With this great vision, he started to smile when I asked “How do you see the role of simulation in the world of AI?”. His literal candid answer was “I love simulation”. And he explained how he used System Dynamics 25 years ago at McKinsey. In his view, simulation is a crucial part of AI development not only as a training environment for algorithms but also as a testbed (what happens if we have cars talking to each other?). However, in the spirit of his mission, he cautioned that it is still too hard to use simulations for normal people.

While I agree that too few people include simulation into their tool portfolio, I do not follow that the tools are too hard. I suppose Jeremy hasn’t seen recent tools such as Flexsim, Simio or AnyLogic, all which can produce amazing results from pure drag-n-drop of objects.

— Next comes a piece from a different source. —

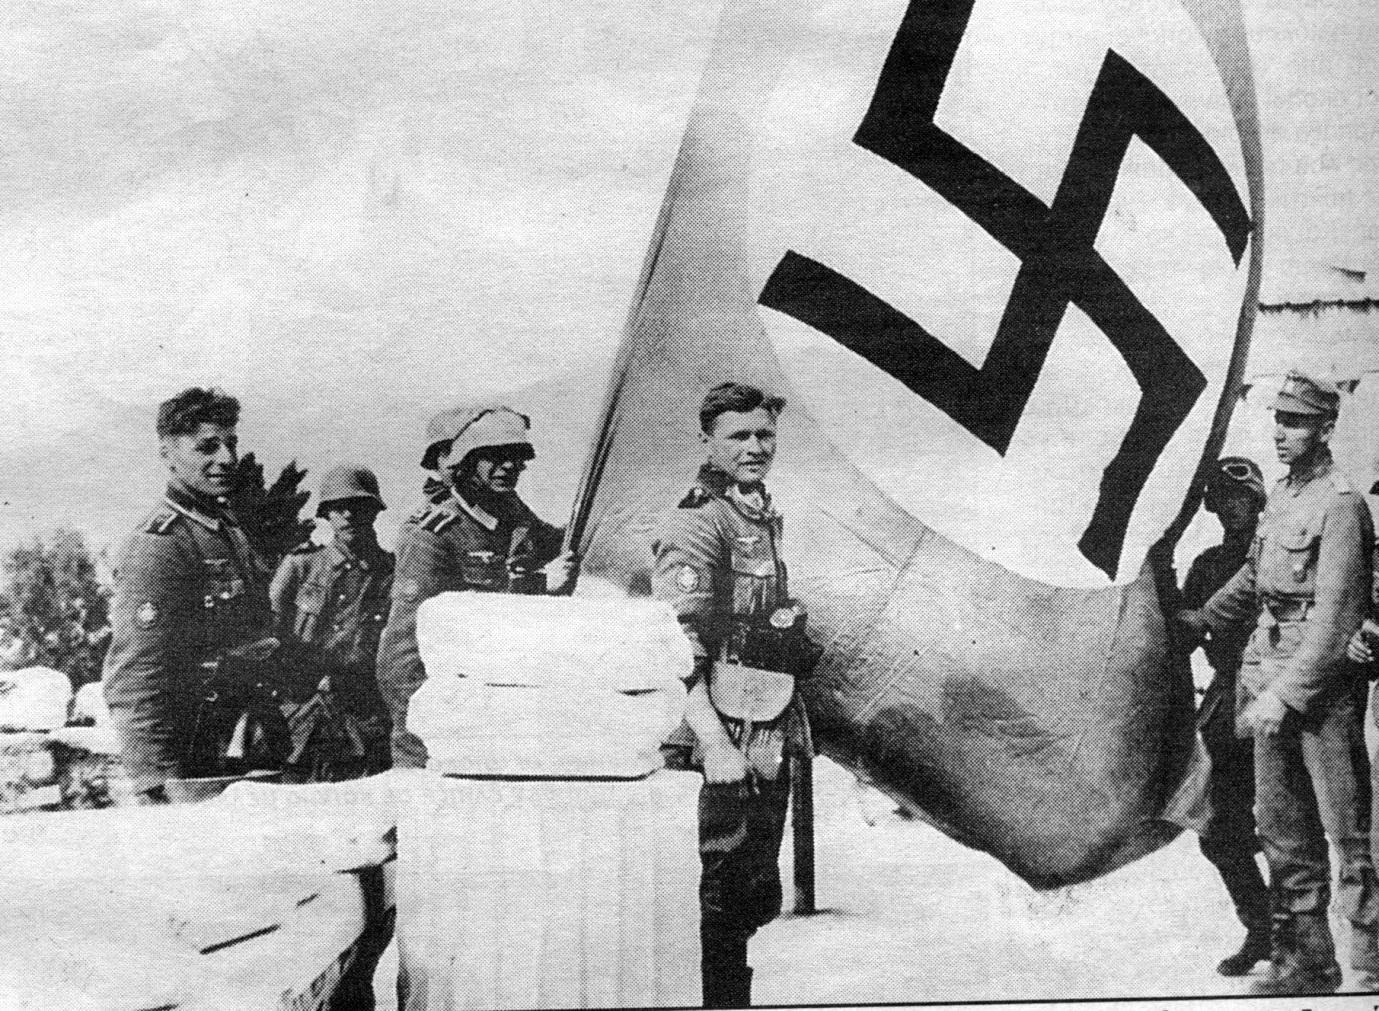 http://users.sch.gr/pchaloul/fasism-katohi-emfyl/flag-nazi-Akrop.jpg

I think, the reason that simulation is still not widespread has to do with education. But this will be a future blog post.

Some reflections

However, through the event I realized that we, as a community, have a huge chance with AI. Currently, AI practitioners see simulation as a means to an end. They employ it to teach algorithms faster. However, we can show them that simulation should be used to shape AI. We can use simulations to predict what happens when the AI-driven applications are used. What if we have autonomous cars on the road? How will a factory work when every IoT screw can talk to any other? What unexpected consequences will we see by chatbots in call centers?

The AI community doesn’t think about their impact on society in a systematic way. While I agree that the benefits will far outweigh the dangers, implementing AI into everyday life is an experiment within the complex system that is reality. And there is only one tool that can help explore complex systems: Simulation.